_Data for this task:_
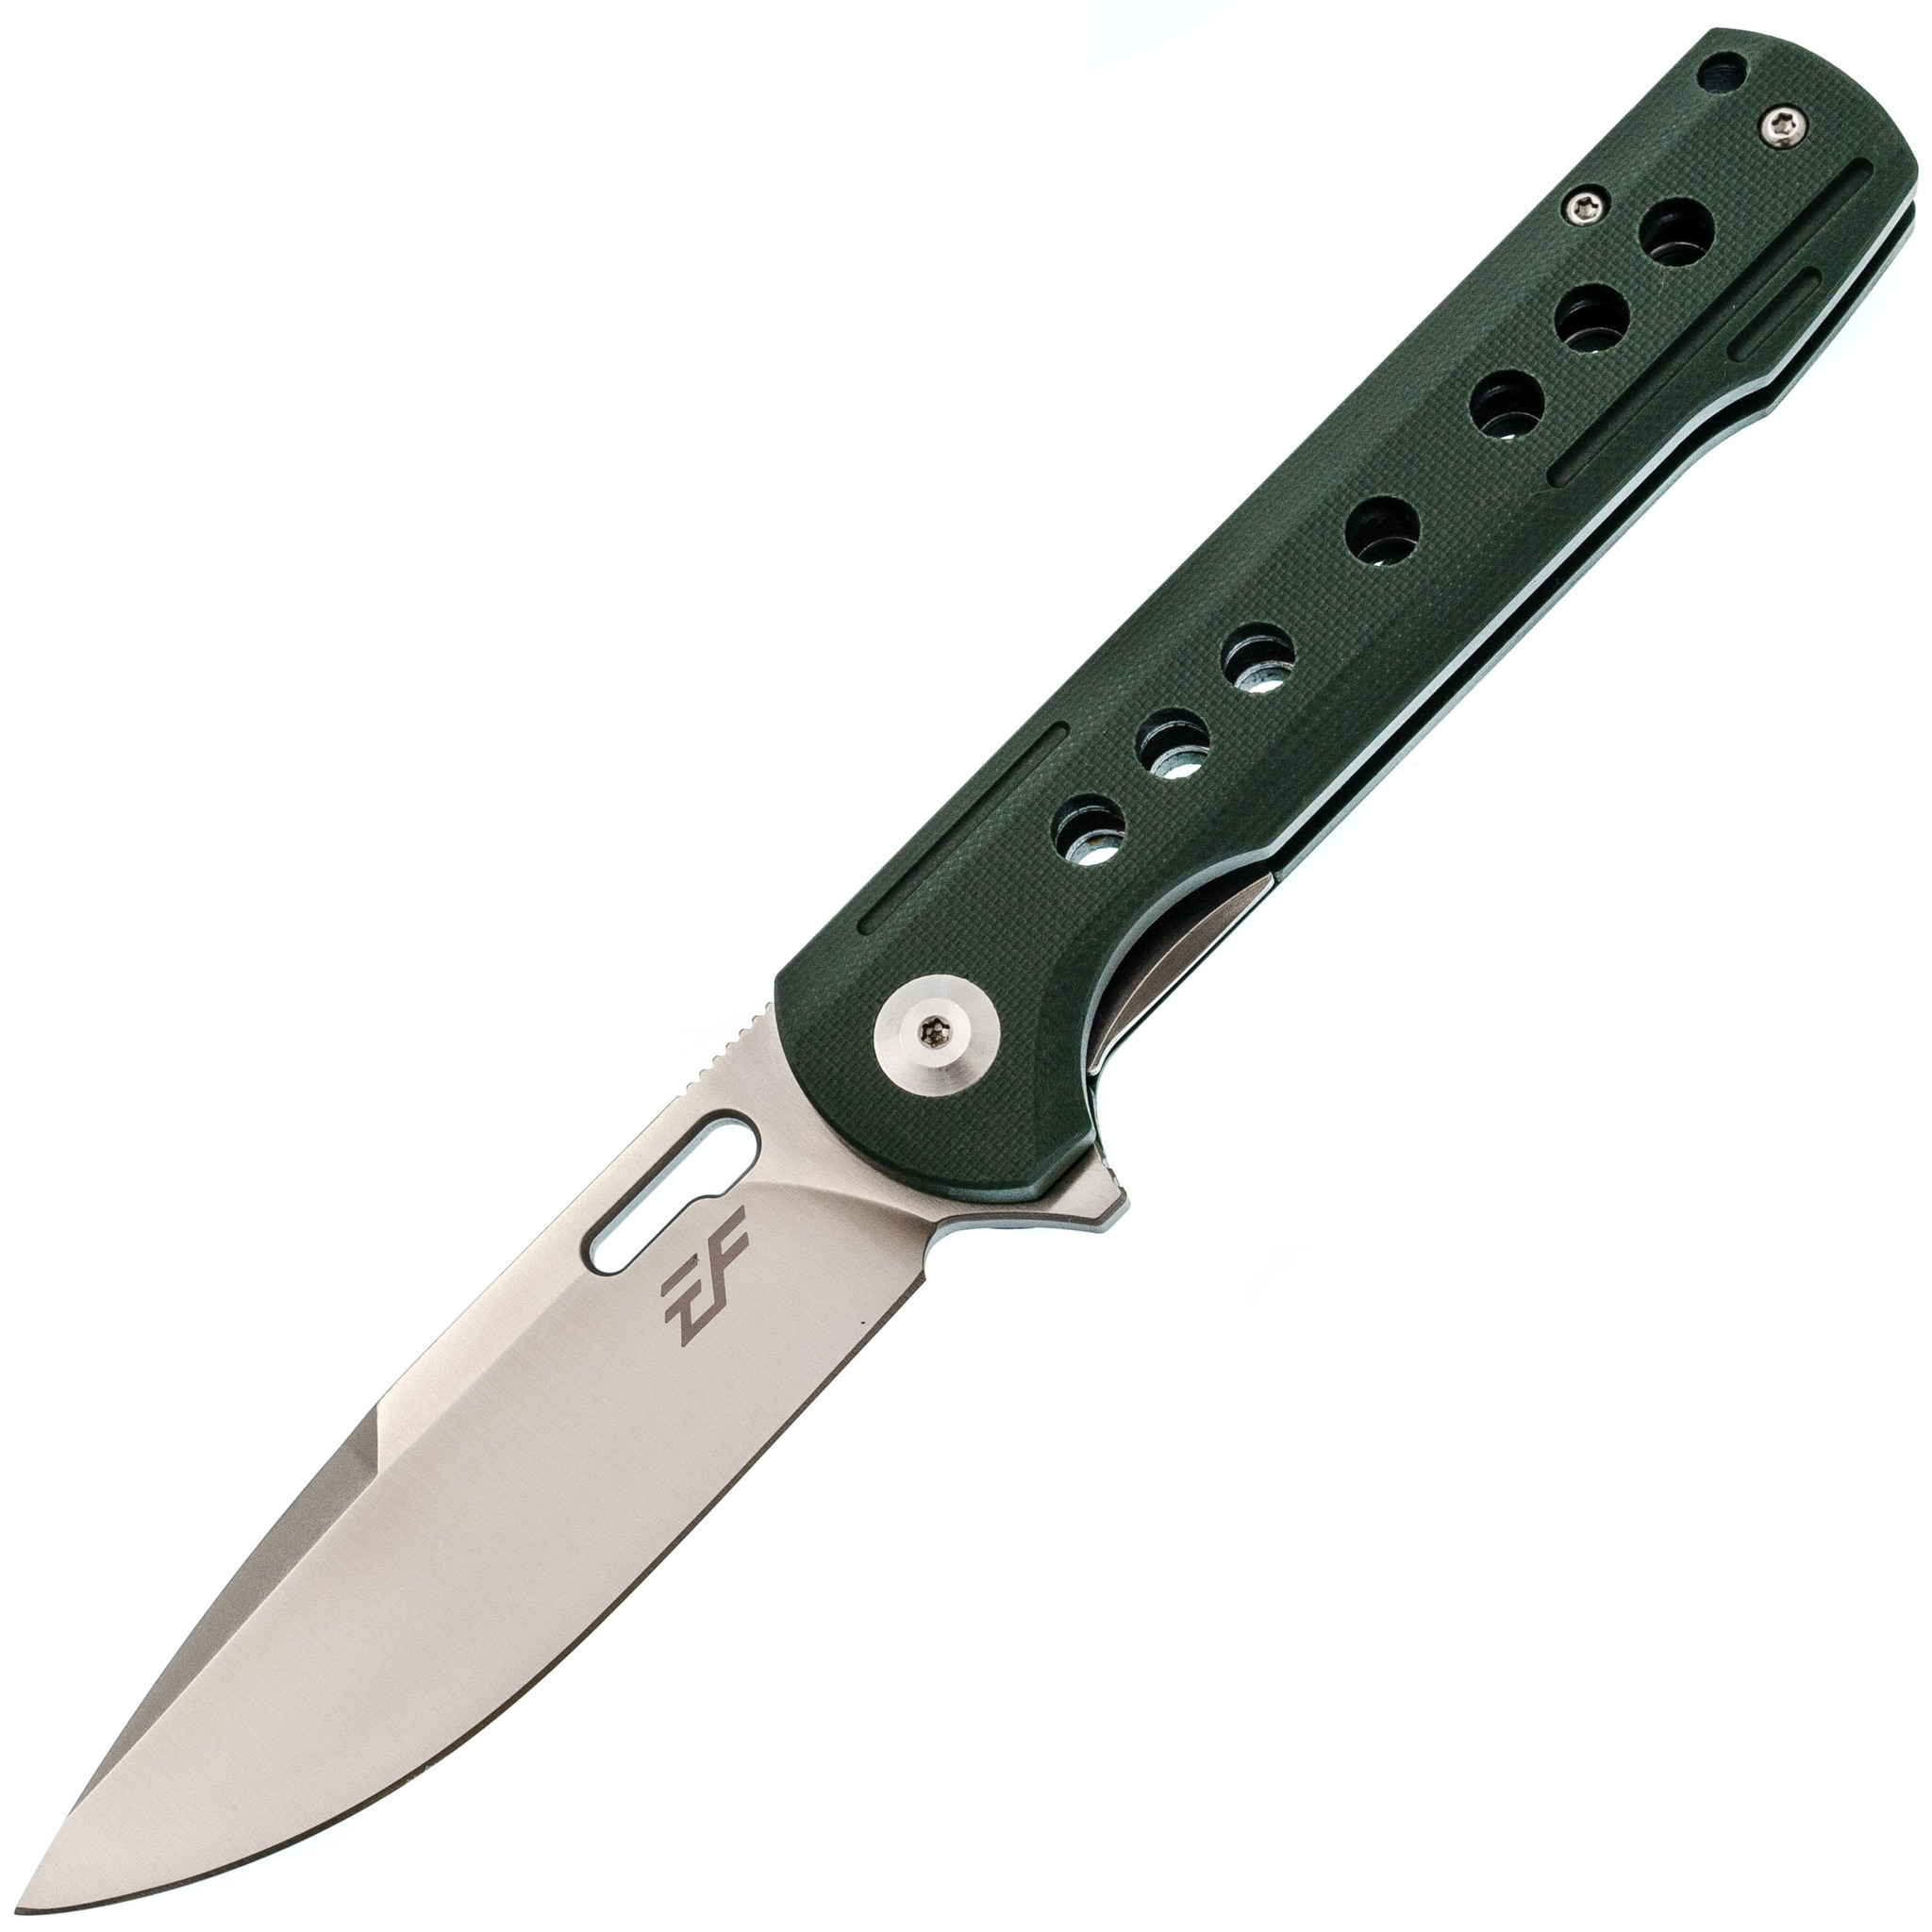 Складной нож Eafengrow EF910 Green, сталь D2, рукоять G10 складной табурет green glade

--

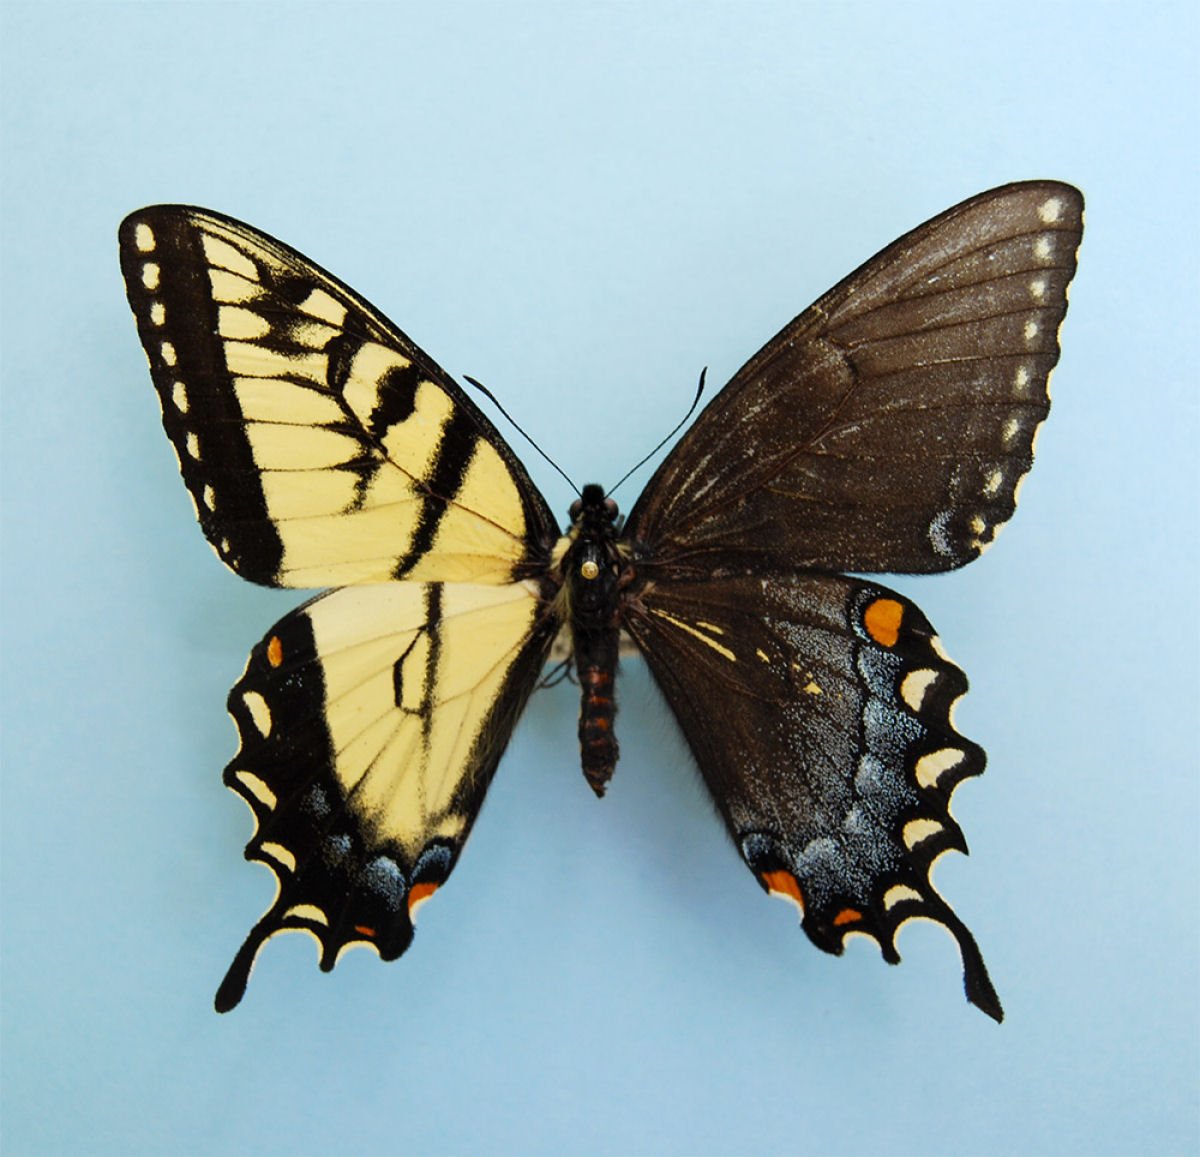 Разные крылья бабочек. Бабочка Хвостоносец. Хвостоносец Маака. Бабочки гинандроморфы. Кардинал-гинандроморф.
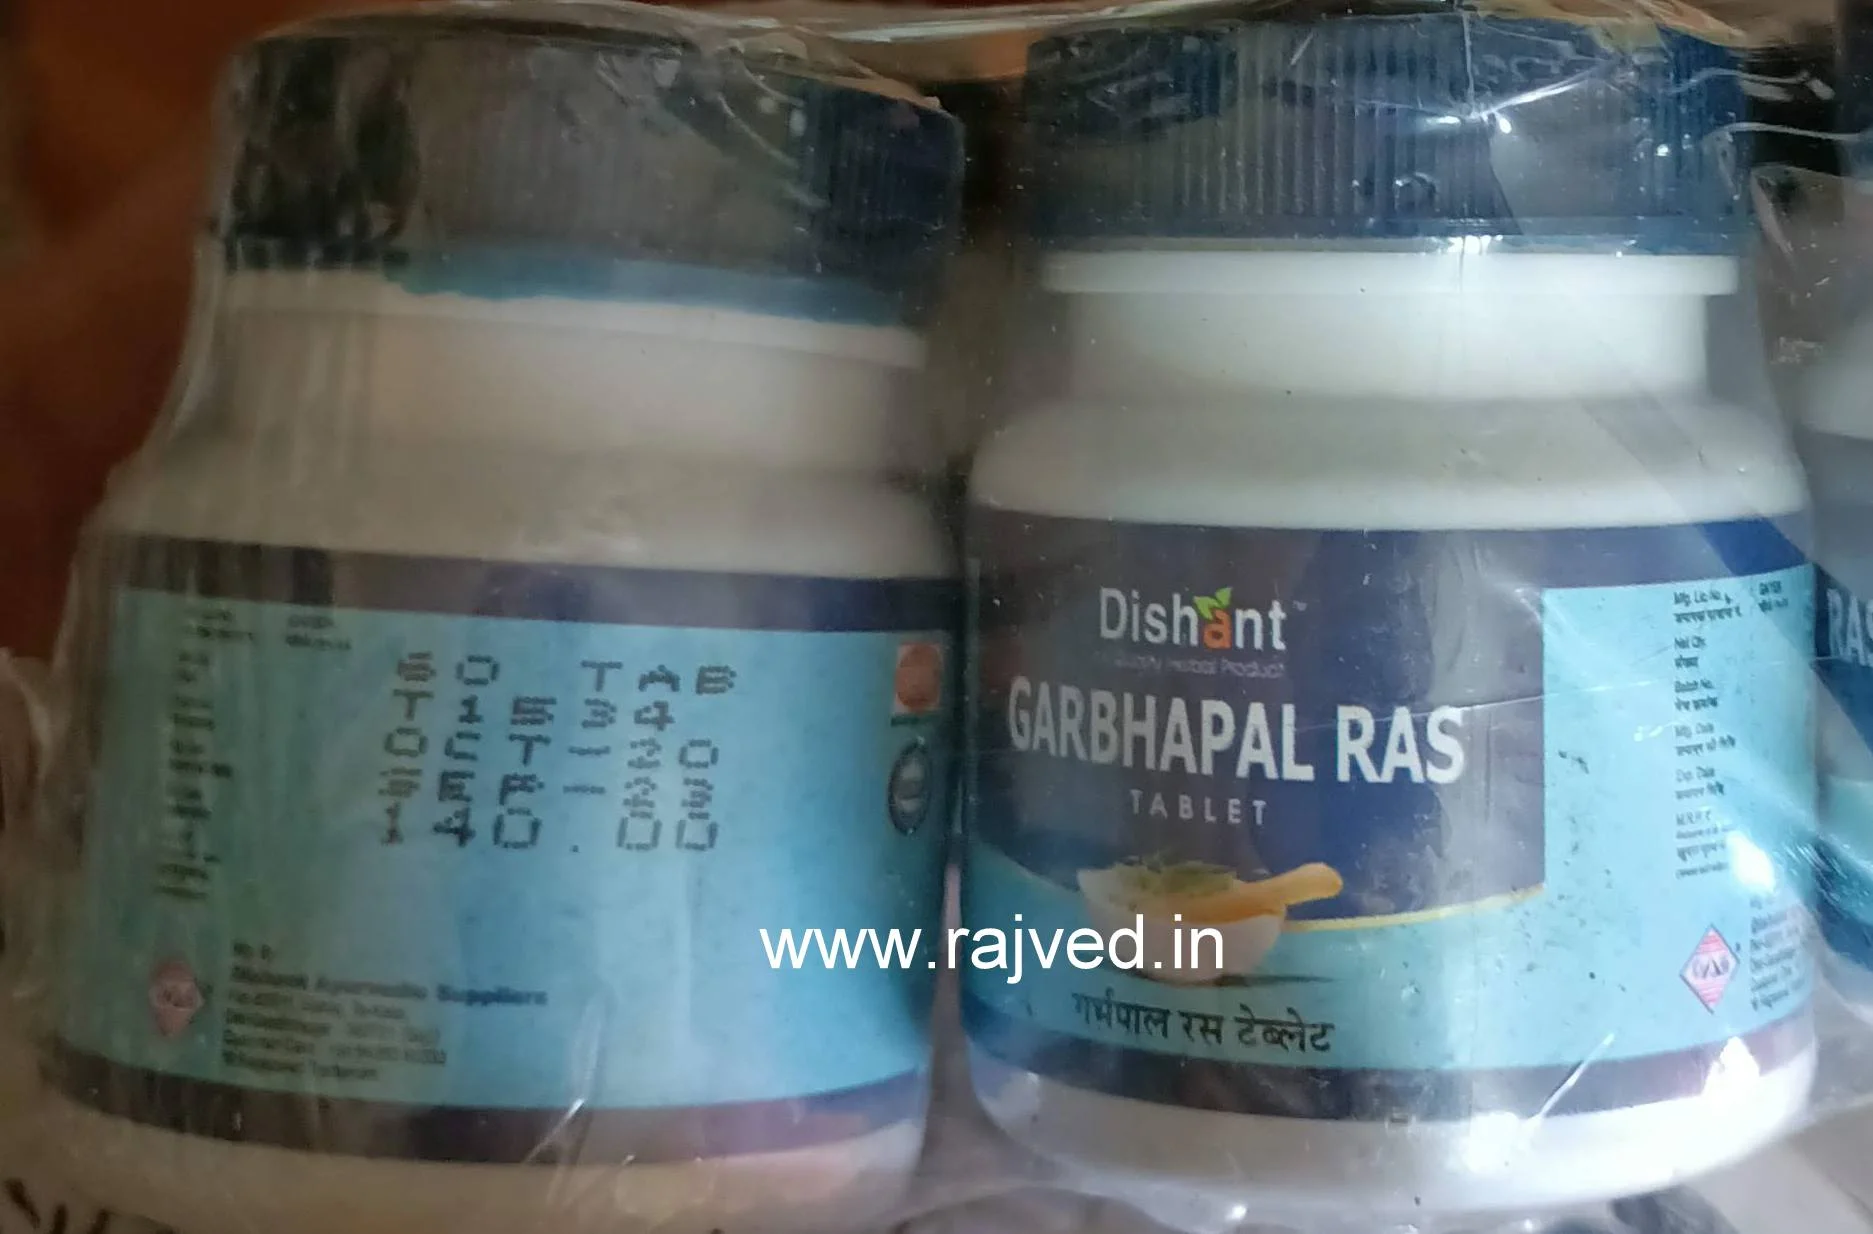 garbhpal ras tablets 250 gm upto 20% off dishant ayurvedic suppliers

_How to complete this task:_
Look above for the line with "Разные крылья бабочек." and the line with "garbhpal ras tablets". Output those two and everything between them exactly, pictures excluded.

_Response to the exercise:_
 Разные крылья бабочек. Бабочка Хвостоносец. Хвостоносец Маака. Бабочки гинандроморфы. Кардинал-гинандроморф.
 garbhpal ras tablets 250 gm upto 20% off dishant ayurvedic suppliers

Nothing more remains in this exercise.